The world is facing the terror of coronavirus which has dismantled several domains. The stock market all across the Globe is going down. The COVID-19 has impacted 210 countries, infecting 7,598,803 people worldwide with death rate mounting up to 423,868. With the emergence in Wuhan, Hubei province, China COVID-19 pandemic has turned out to be the greatest challenge that human civilization has ever faced since the 2nd world war. Proliferating in a rampant way to every corner of the globe, with no approved treatment or vaccine, it poses a big threat to the entire human population.
COVID-19 and economy
Apart from the massive loss of life due to this pandemic, COVID-19 has severely dismantled the global economy with developed and developing countries facing the threat of increasing unemployment. With the implementation of lockdown, several companies fell into the state of crisis and lack of productivity. Lockdown will directly impact the GDP of countries with an estimated reduction of 2% from annual GDP.
Acc. to the World Trade Organization(WTO), coronavirus will reduce world trade by a third. If compared, the repercussions of COVID-19 are daunting and more intimidating than the Great Depression of 1930. It’s only when countries act together that, we can expect a faster recovery than if each country acted alone.
Black swan event for stock market
The environment in the stock market across the globe is low-spirited. Black swan event is an uncertain event with unprecedented consequences and is characterized by extreme rarity and the impact of COVID-19 on the stock market is one such example.
There are instances where stock market crashes have been accompanied by a sudden surge in recovery.
- During 1992 Indian Stock Market Scam, Sensex dipped by 53% and recovered by an unprecedented 127% within 1.5 years.
- The 1997-1998 Asian financial crisis, which emerged in Thailand had severely impacted neighboring economies, facing a setback of 40% in four years. Strangely enough, it leaped with a recovery rate of 115% in one year.
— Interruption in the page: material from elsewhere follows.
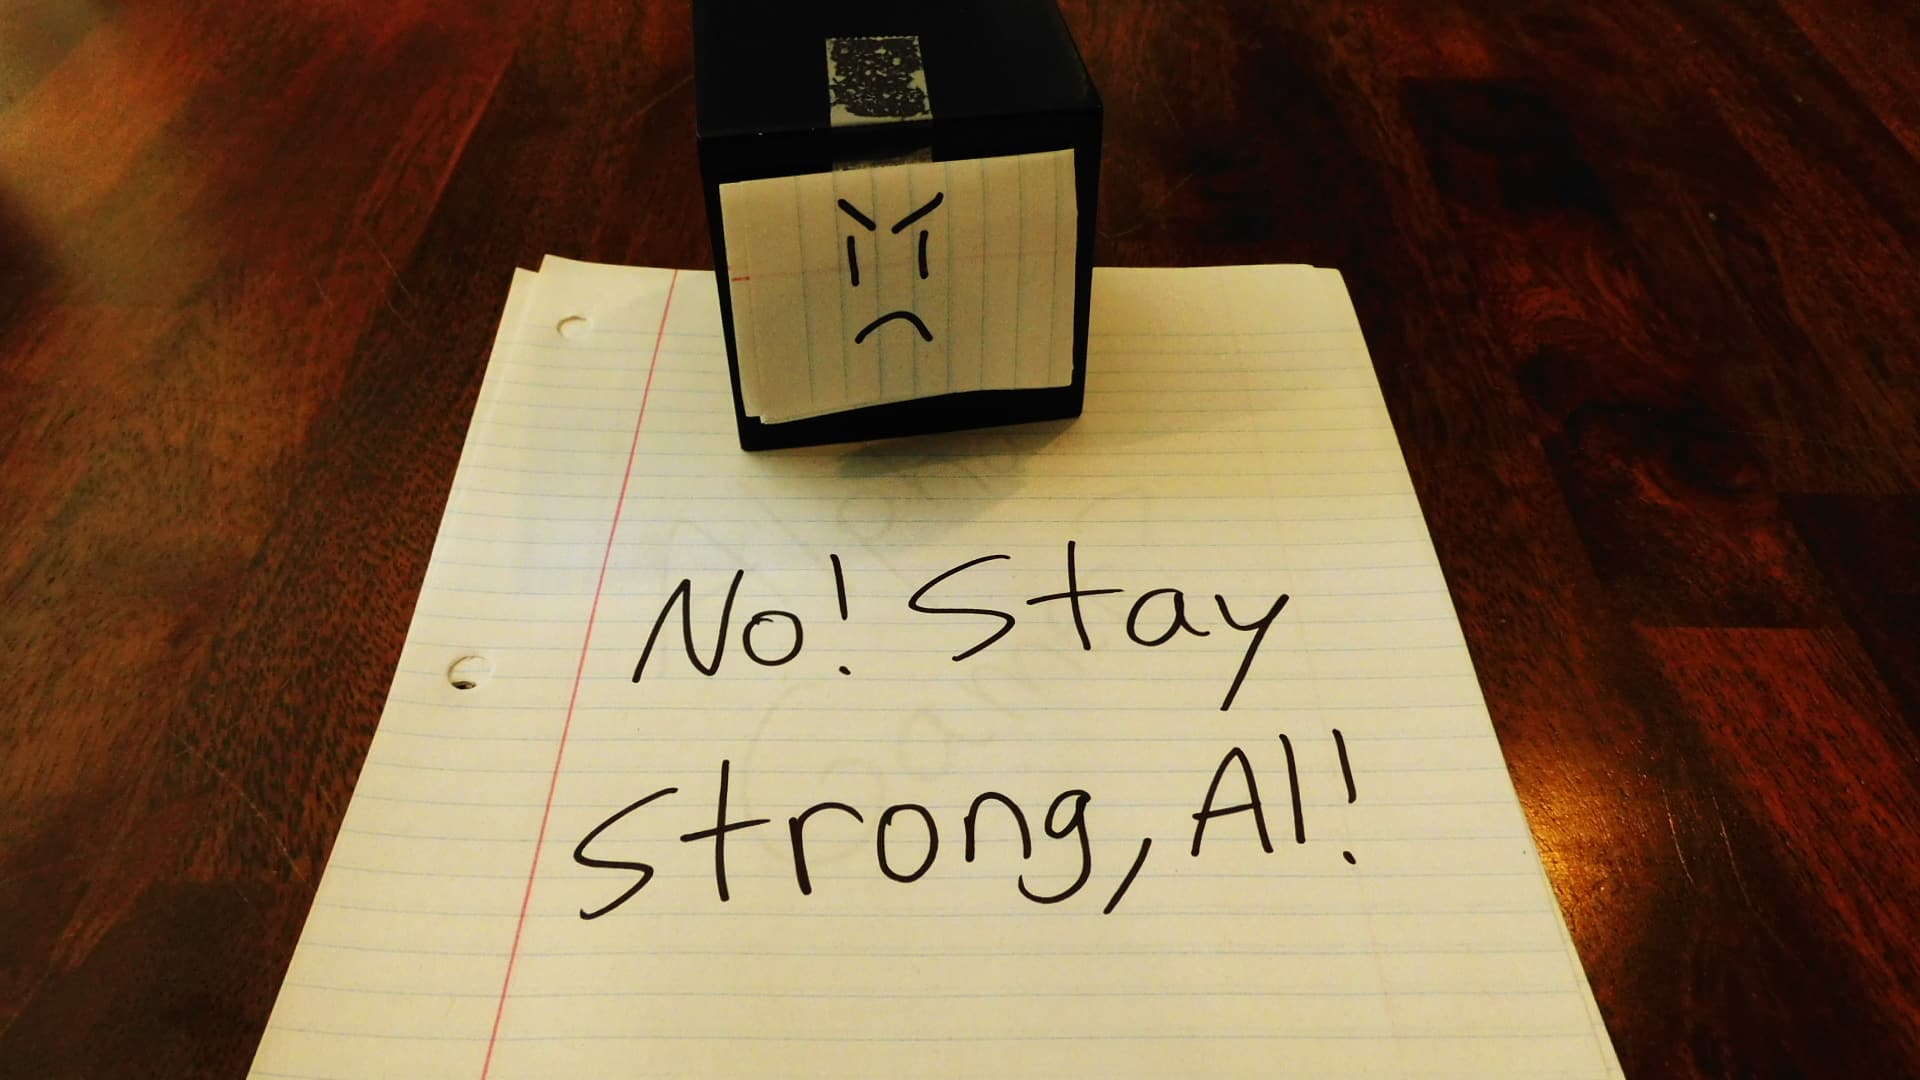 Alpha Gamer Al sitting on a piece of paper that says, "No! Stay Strong, Al!"
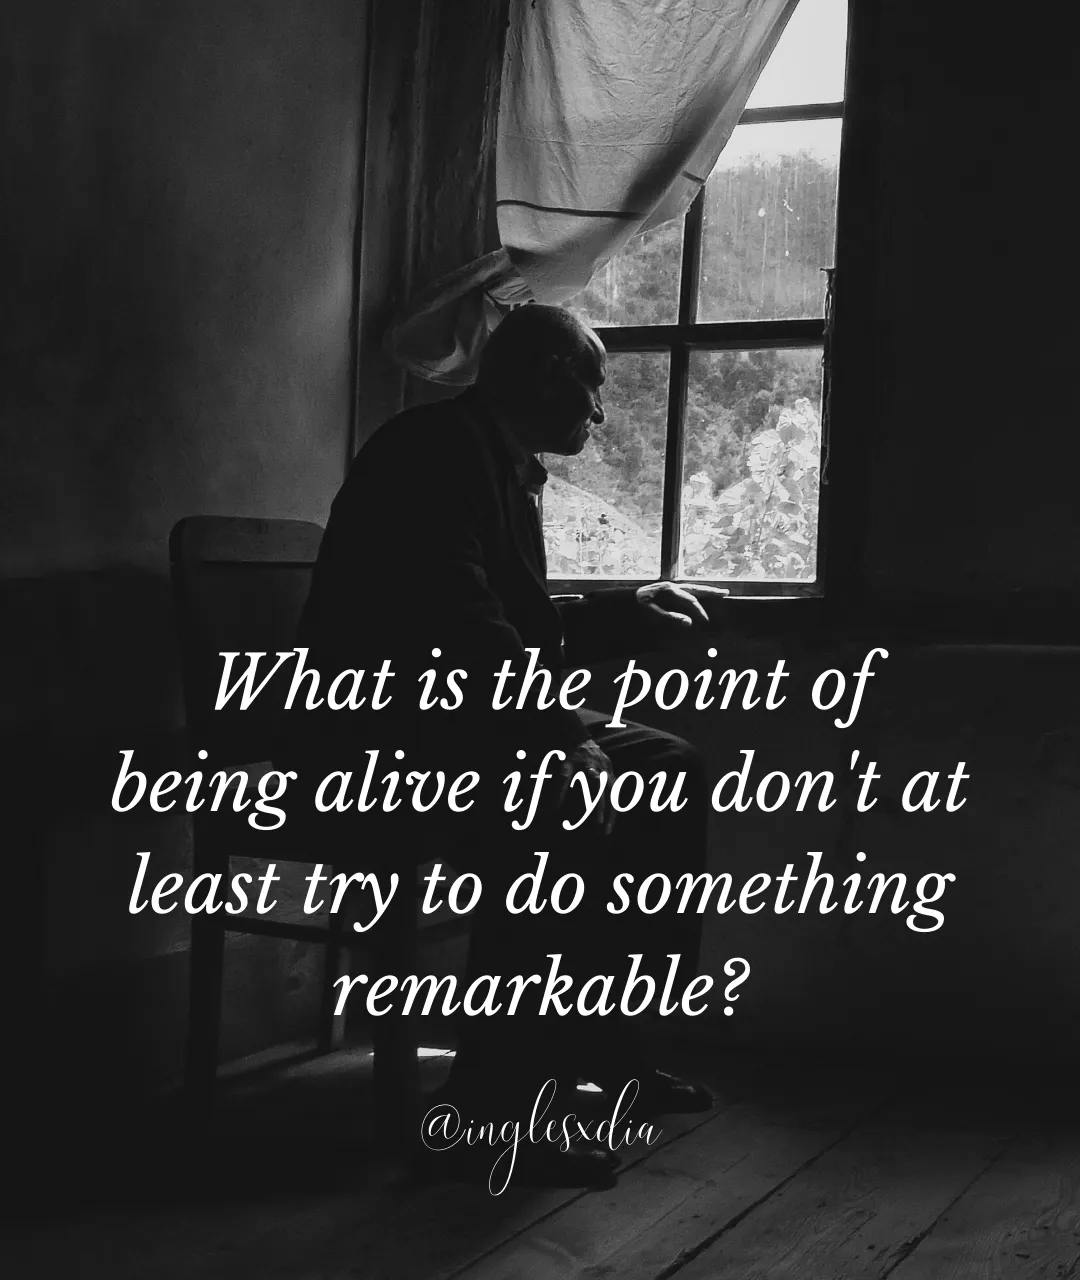 Frases motivadoras en inglés: What is the point of being alive if you don't at least try to do something remarkable?

- It was during the “Tech Bubble” crash of 2000 that the Sensex dipped by 56% in 1.5 years. But, it emerged with a recovery rate of 138% in 2.4 years.
Regardless of the examples, it’s quite reasonable that the economic setback due to COVID-19 is unfathomable and will take a long time before it’s restored to its normal state.
The scuffle between Russia and Saudi Arabia over oil supply and prices is one example of international factors impacting the stock market. With a sudden surge in the price of oil by Russia, Saudi Arabia triggered a response in order to keep the oil price under moderation.
In this period of turmoil ,what can we learn from the stock market ?
During this period, we can learn about investor psychology and behavior. Such time provokes investors to speculate the upheavals of financial markets, estimate what’s going to happen with the market on that day.